Not asking “how can I deliver something that works in 15 minutes?”
Not asking “how can I ensure small behavior changes don’t break existing behavior?”
Not asking “how can we deliver continuously?”
Not asking “how do we eliminate asynchronous code reviews and slow PRs?”
P.S.: We have a few more seats for the book club starting next week. Learn speed reading, blast through your procrastination and apply learnings from Implementing Lean Software Development. DM me LEAN to join.

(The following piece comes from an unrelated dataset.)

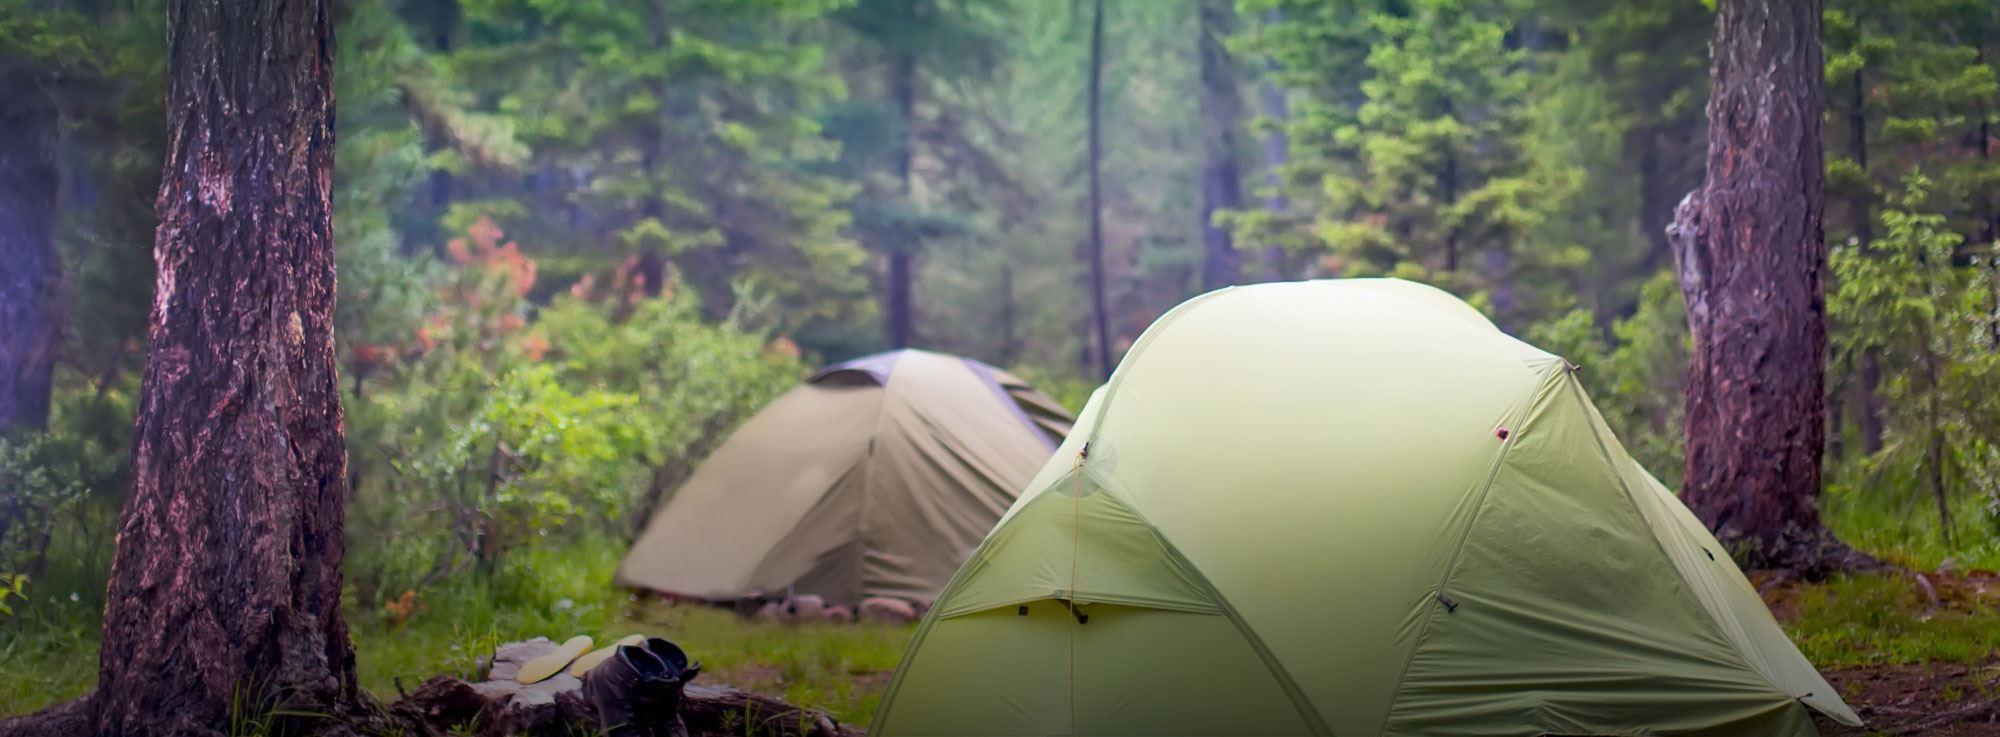 puglia-campeggi

I believe this mindset is the problem:
```
The activity of writing test-first is a cash flow balancing activity that you perform to trade future risk for current time and focus. I believe this is the primary trade-off that non-practitioners object to
```
To me, there is no trading off going on. When I write code, I will test the code. If I test it manually, then I will have to repeat the testing process every time I make changes. If I write code to test the code once, then the code will test the code every time. With TDD, I write the tests upfront. To me the actual benefit with TDD is not that it requires me to write tests. Writing tests is completely for the sake of writing code. TDD is about having clarity while writing code. It gives me the avenue to take moment & think about what I am going to do next, to define the parameters, to define the possible outputs, the implementation details. That is what TDD is fundamentally doing. If you are not following TDD, you will write the same tests for a given function, in which you will test all the control paths/inputs/outputs of the function. But, with TDD, instead of figuring out what needs to be done while writing the code, you think about the implementation upfront. Last bit: TDD helps me solve the problem before I began to code it.
I think that TDD is very underestimated. Is no silver bullet, as everything, but 90% of time is the best choice. And the main reason is the most underestimated skill you develop with TDD: baby steps. Become used to commit small pieces of advancement each minute or so totally changed my mindset. Benefits in productivity, but it becomes a new mindset - and it enables CI and TBD with more ease. So yes, TDD makes you more profitable for the company, in the end 🙂
And for those thinking “I can do baby steps without TDD” - good luck doing that without the TDD cycle supporting.